— Еще расскажите, — голосом маленького попросил мальчуган.

— После боя, раненного, домой меня отпустили. В плечо ранили, плечо и распухло, будто пчелы жиганули… Остался без пулемета с одной РГ-42… Граната такая, с банку сгущенного молока. Ночевал дома, дневал в лесу. Время было как раз ягодное. Рожь будет — голубица спеет… Набрал ягод корзину, матери решил отнести. Подхожу к дому — немцы. Идут цепью, оружие на изготовку. Меня увидели. Хеа, хеа, кричат, никуда не денешься, сто стволов навели, иду потихоньку навстречу. А солдаты спешат, двое с карабинами вышли из цепи и ко мне… Они меня и заслонили. Подходят, шагов пять осталось…

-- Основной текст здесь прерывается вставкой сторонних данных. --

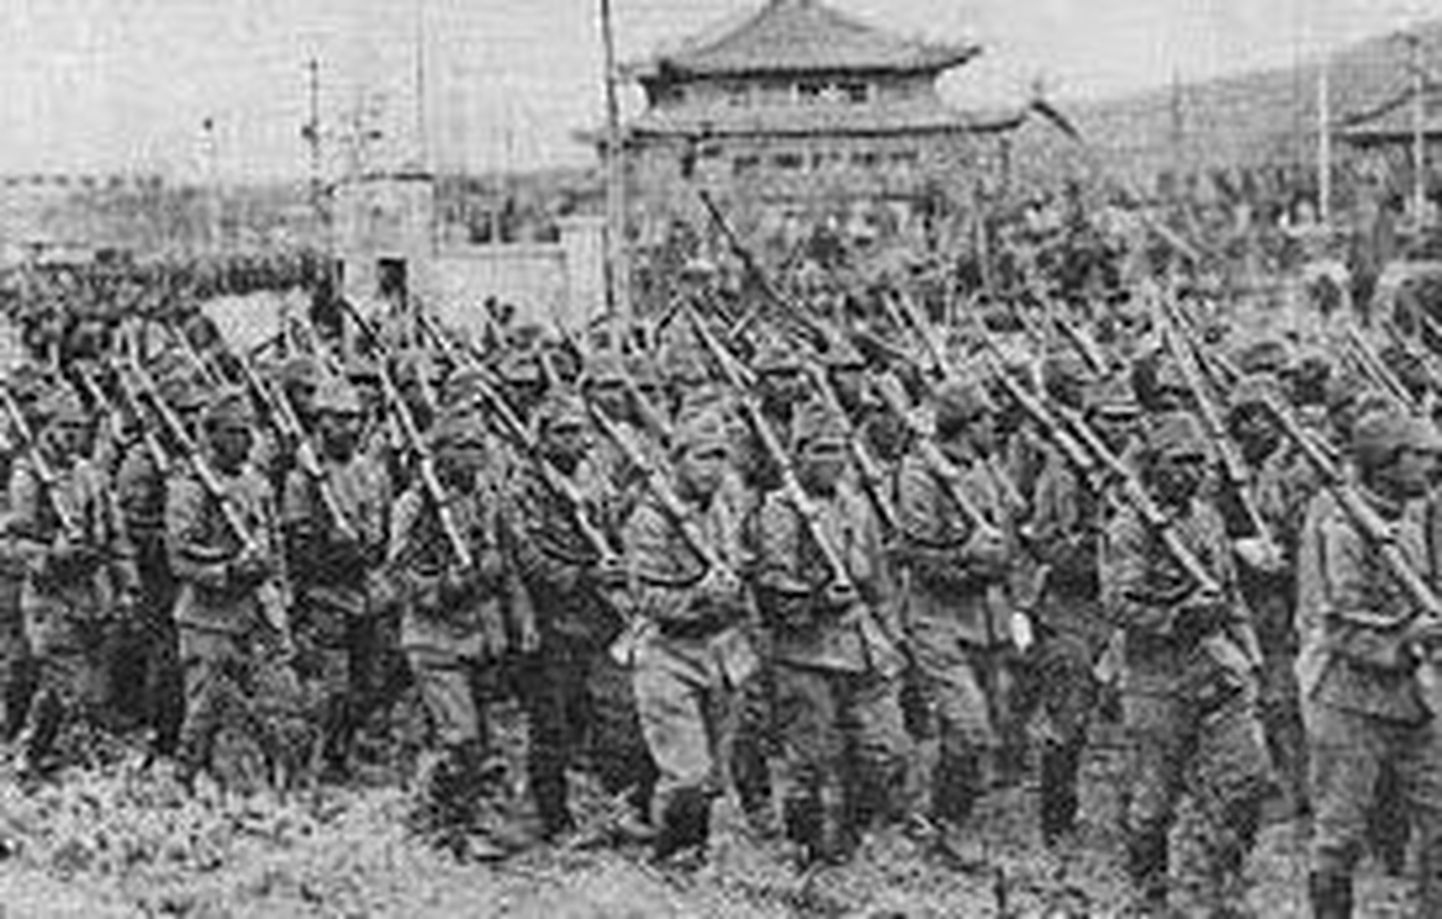 Hiina sõdurid 1939. aastal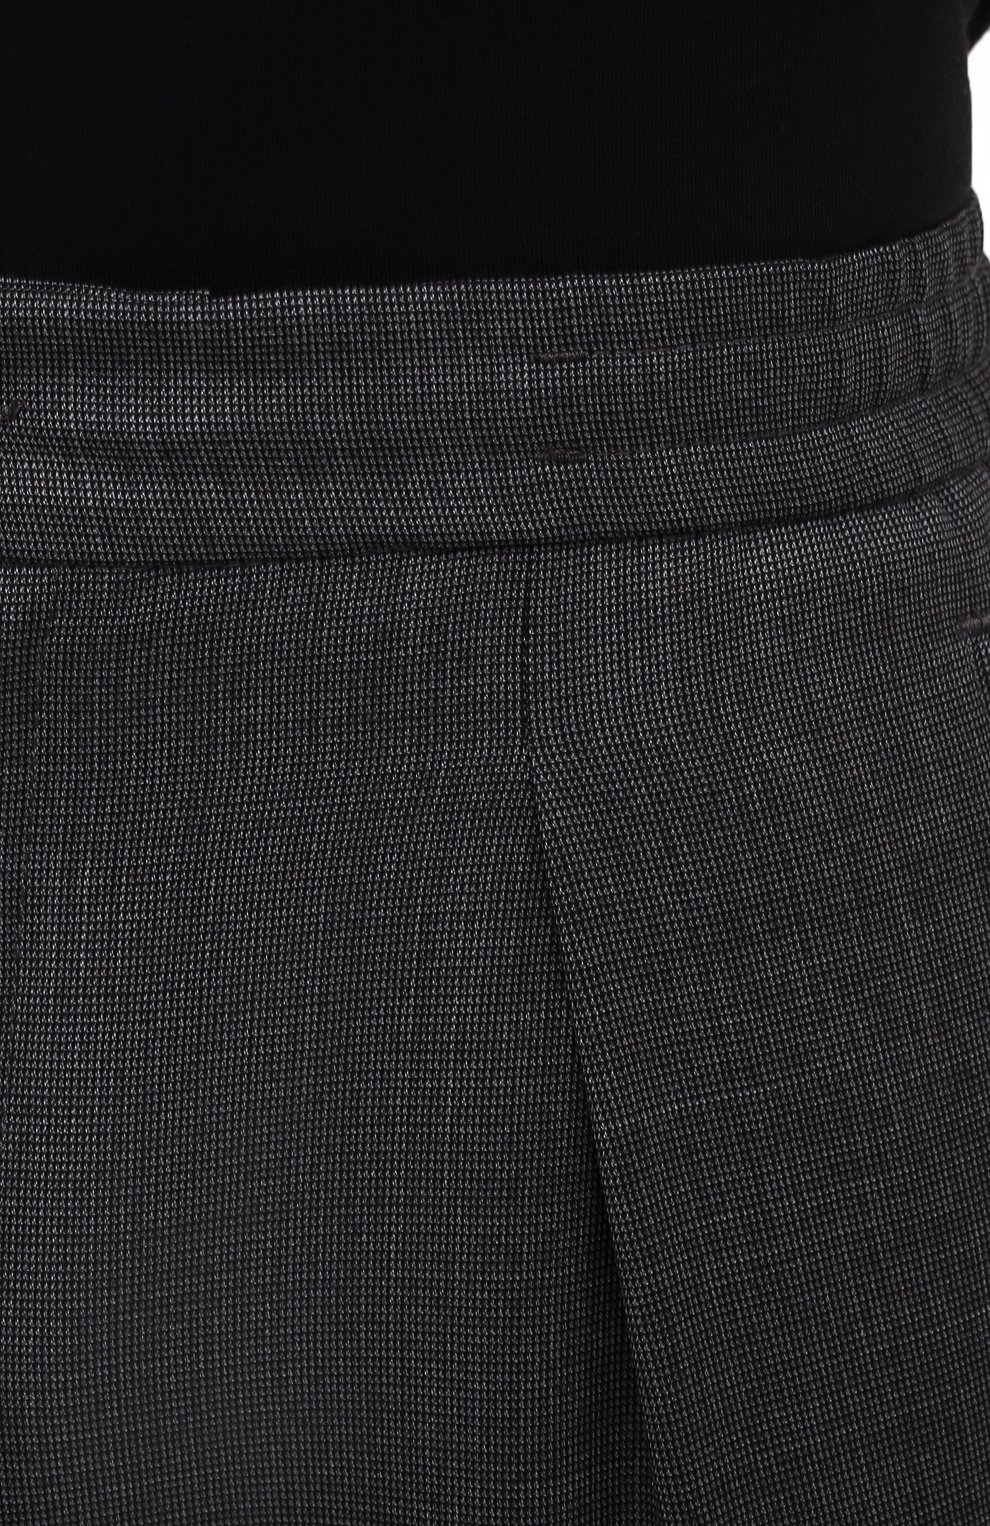 Мужские шерстяные брюки MARCO PESCAROLO темно-серого цвета, арт. CHIAIA/4231 | Фото 5 (Материал внешний: Шерсть; Длина (брюки, джинсы): Стандартные; Стили: Классический; Случай: Формальный)

Костя положил каземь тяжелый пук, сложил старенький нож.

— Когда идешь с оружием, влево стрелять удобнее, вправо — хуже, разворачиваться надо. Тут я и станцевал, да еще и корзину бросил… В упор выпалили, а промахнулись… Недолго затвор передернуть, три-четыре секунды… За четыре секунды сорок метров пробежать можно. Рядом хлев глинобитный стоял, я — к хлеву, за него под горку, и в клевера… Бьют из автоматов по клеверу, как косой косят, еще раз ранило, а уполз, не поймали…

Костя весело тряхнул головой, взвесил на плечо тяжеленный пук.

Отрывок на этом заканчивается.